Letter from the Chief Inspector of General Practice
This practice is rated as Requires Improvement overall.
The practice had been previously inspected on 19 November 2014 when it was rated as Good overall.
The key questions are rated as:
Are services safe? – Good
Are services effective? – Good
Are services caring? – Requires Improvement
Are services responsive? – Requires Improvement
Are services well-led? - Good
As part of our inspection process, we also look at the quality of care for specific population groups. The population groups are rated as:
Older People – Requires Improvement
People with long-term conditions – Requires Improvement
Families, children and young people – Requires Improvement
Working age people (including those recently retired and students – Requires Improvement
People whose circumstances may make them vulnerable – Requires Improvement
People experiencing poor mental health (including people with dementia) - Requires Improvement
We carried out an announced comprehensive inspection at The Bradford Moor Practice on 8 December 2017. The inspection was carried out as part of our inspection programme.
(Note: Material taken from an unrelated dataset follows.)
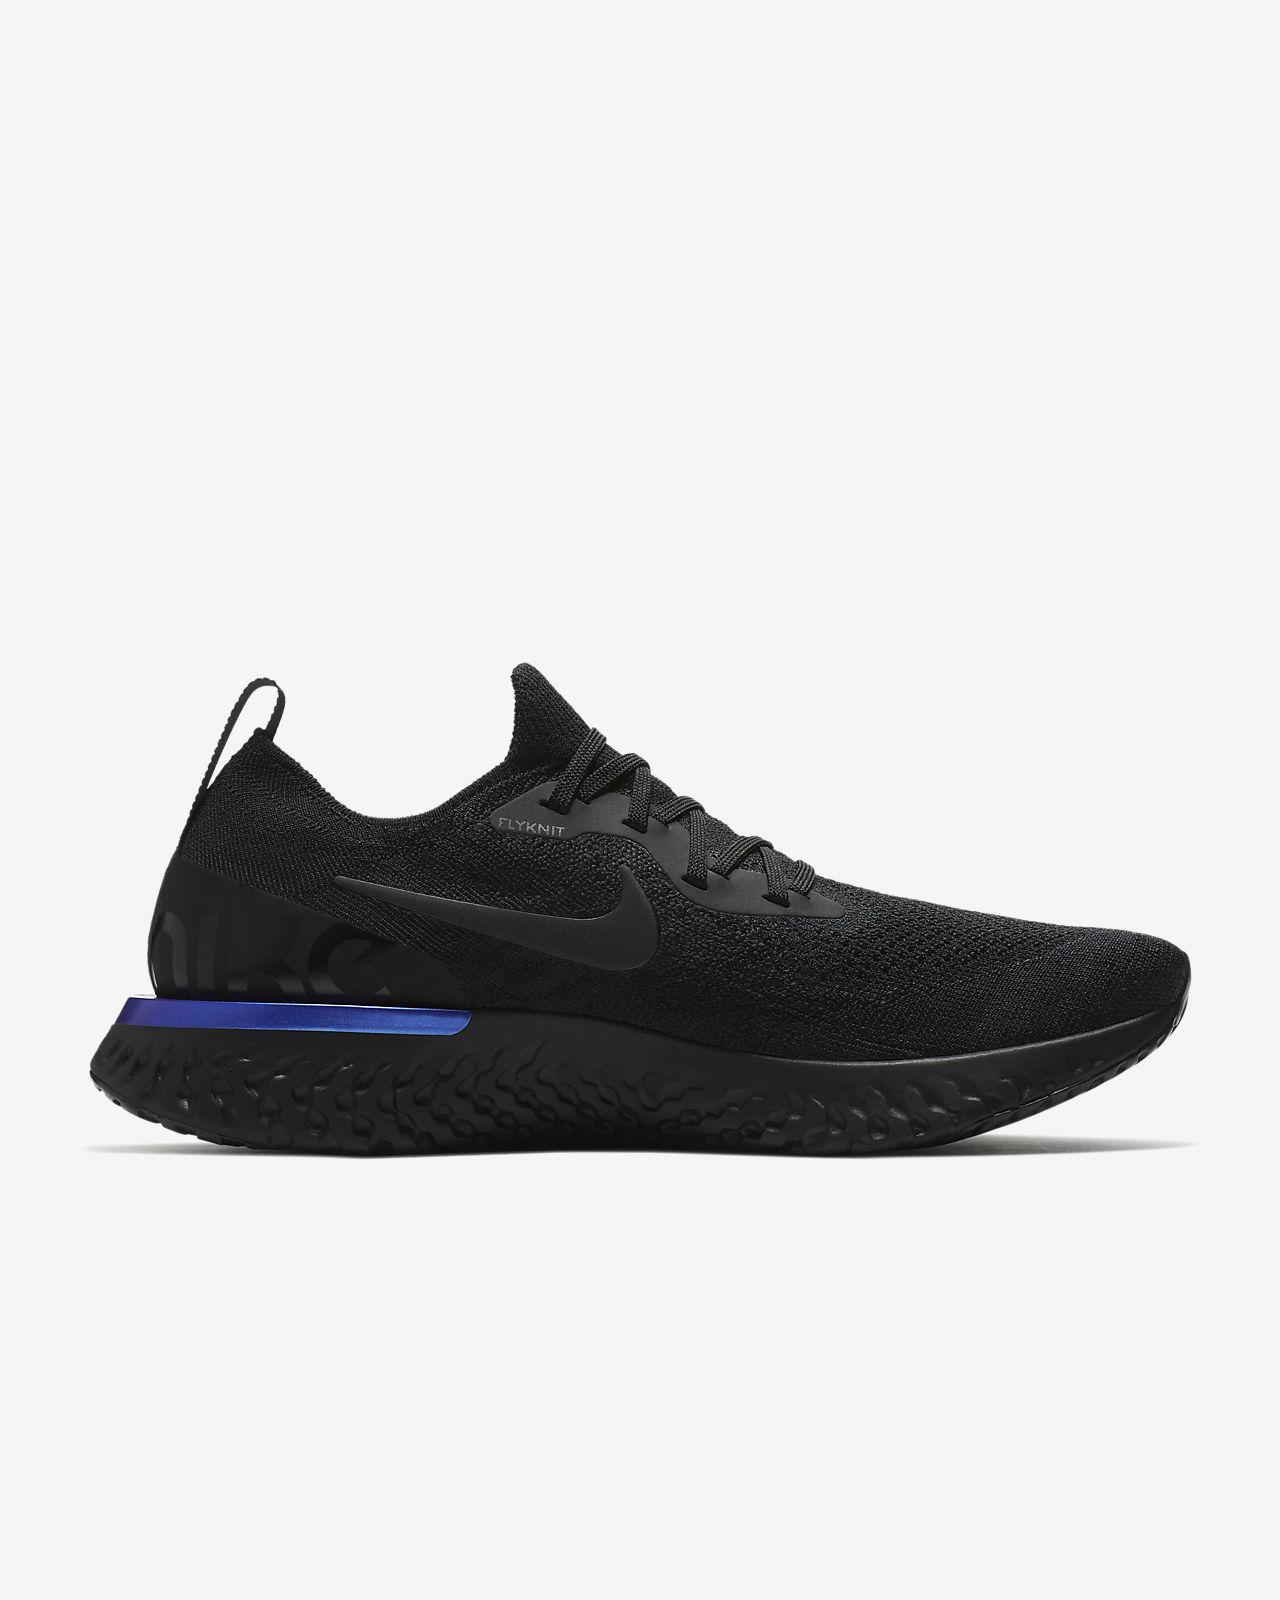 Nike Epic React Flyknit Herren-Laufschuh Herren-Laufschuh Herren-Laufschuh Sparen Sie über 50%-AR1536DS   3fafd1

At this inspection we found:
-
The practice had clear systems to manage risk so that safety incidents were less likely to happen. When incidents did happen, the practice learned from them and improved their processes.
-
The practice routinely reviewed the effectiveness and appropriateness of the care it provided. It ensured that care and treatment was delivered according to evidence- based guidelines.
-
Levels of cervical screening amongst the practice population had been significantly improved by a targeted campaign.
-
Prescribing levels of antibiotics had been significantly reduced in line with local and national targets.
-
Staff across the whole team were kind and caring. Patients told us they were treated with compassion, dignity and respect.
-
Results from the national GP patient survey showed that the provider was performing significantly lower than the national average in terms of access and for consultations with clinical staff. The provider had drawn up a detailed action plan in response to this, however at the time of the inspection the impact of the changes proposed or made had not been fully assessed.
-
Patients who were receiving end of life care were identified by the provider and visited at home by the lead GP and practice nurse on a regular basis.
-
Patients sometimes found it difficult to access routine appointments. However, they told us that they were able to access urgent care when they needed it.
-
There was a strong focus on continuous learning and improvement at all levels of the organisation.
The areas where the provider should make improvements are:
-
Continue to improve the identification rates of carers from amongst the practice population.
-
Continue to review, act on and improve patient satisfaction in accessing services at the provider and in their interactions with clinical staff. Patient satisfaction in these areas was significantly below local and national averages.